Claude Kenny Nduwimana, né en 1987 à Ngoma, commune Murwi à Cibitoke, il se décrit comme journaliste indépendant et directeur du journal IZUBA

La justice burundaise ne rate aucune occasion pour prouver qu’elle est sous les ordres de l’exécutif, largement dominé par le parti CNDD-FDD.

Elle laisse en effet libre cours aux propos épouvantablement haineux et outrageants envers les tutsis, lesquels sont constamment relayés via les réseaux sociaux par un certain Claude Kenny Nduwimana, prétendant journaliste.

Dans son excès de haine contre les tutsis, Claude Kenny Nduwimana, compare les Tutsis à « des épines qui ne pourrissent pas » et invite les Hutus à « ne plus se marier avec les épines ».
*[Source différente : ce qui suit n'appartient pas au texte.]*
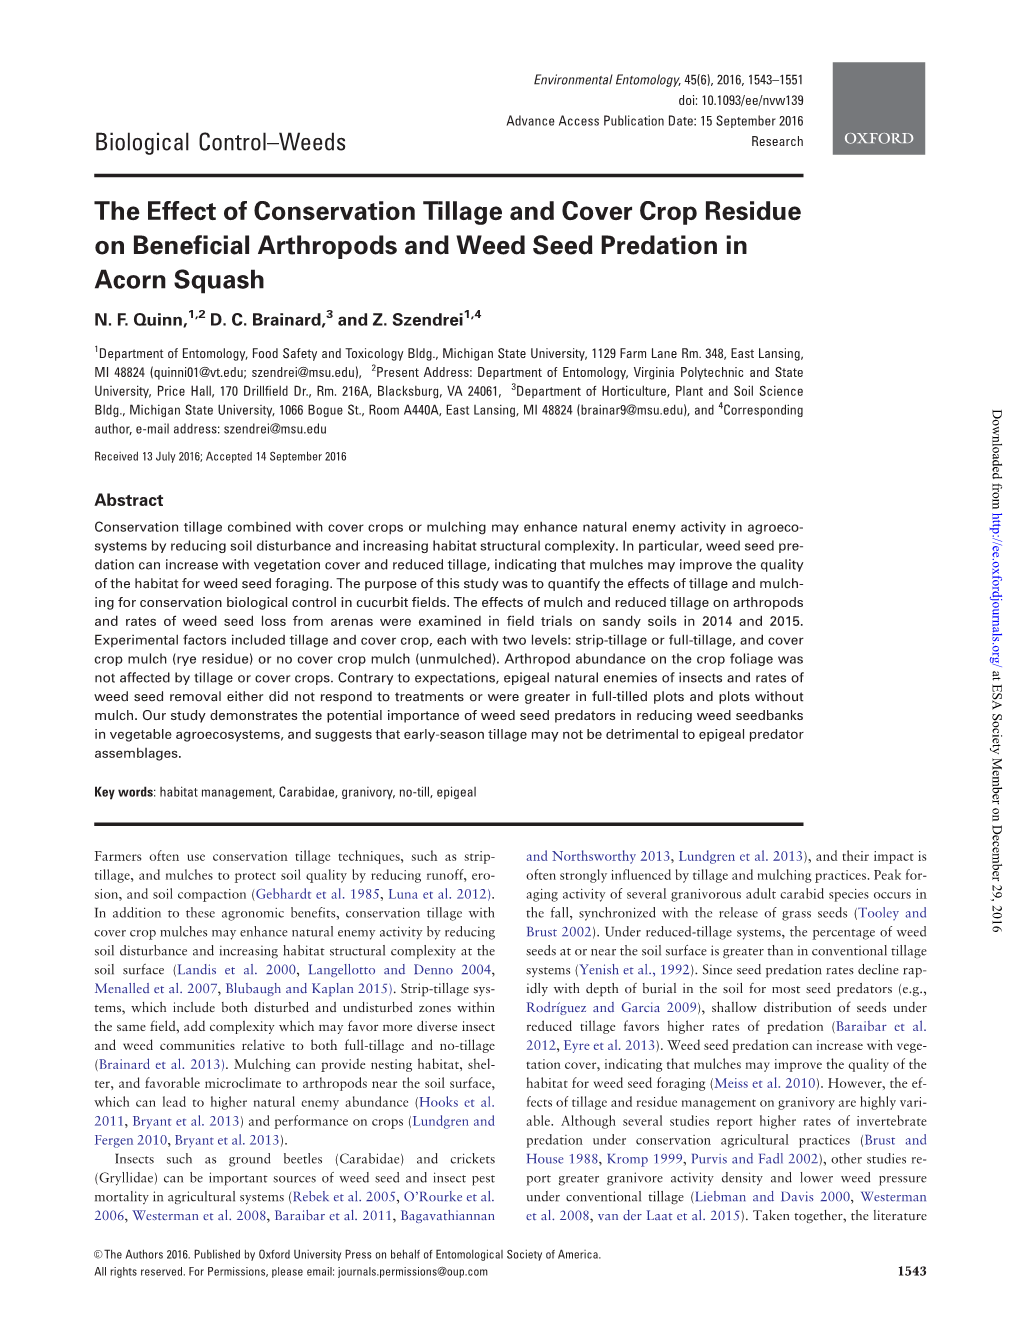 The Effect of Conservation Tillage and Cover Crop Residue on Beneficial Arthropods and Weed Seed Predation in Acorn Squash

Il regrette que certains «Hutus nommés aux hautes fonctions publiques embauchent des Tutsis proches parents de leurs épouses » et recommande à « ses frères hutus » de « ne plus fréquenter les restaurants des Tutsis de peur d’être empoisonnés ».

De tels propos ne suscitent aucune indignation au sein de l’appareil judiciaire ni au niveau du Service burundais des renseignements.

Pourtant, en juillet dernier, une jeune femme issue de l’ethnie tutsie a été condamnée à trois ans de prison ferme pour ses propos jugés haineux envers les femmes hutues.

Employée de la mairie de Bujumbura, Gloriose Karerwa Kamikazi a été arrêtée pour avoir envoyé par WhatsApp à un collègue de service (sans savoir qu’il le diffuserait largement), un élément sonore où elle y critiquait les membres de l’association Intwari – constituée de personnalités œuvrant dans l’administration publique – qui sont des Hutues, en les comparant à des oiseaux appelés inkware en train de gravir une montagne.

Le Service national des renseignements l’a arrêté et le ministère public a considéré qu’elle manifestait ainsi de la haine envers une partie de l’ethnie hutue et qu’il était déshumanisant de comparer des personnes avec des animaux.

Il a donc requis trois ans de prison et un million de Fbu de dommages et intérêts à chacune des 600 membres de l’association pour « aversion raciale », « imputation dommageable et injure » et outrage à fonctionnaire.

Il sied de rappeler que ce vrai faux journaliste ne fait que reprendre des recommandations figurent dans « les 10 commandements du Hutu » publiés en décembre 1990 à Kigali par le journal extrémiste hutu Kangura, un texte considéré par les chercheurs comme un prélude au génocide qui fit un million de morts au Rwanda, voisin du Burundi.

Chacun devait sonder les signes des temps pour ne pas se laisser surprendre par un pogrom que tout le monde voit venir.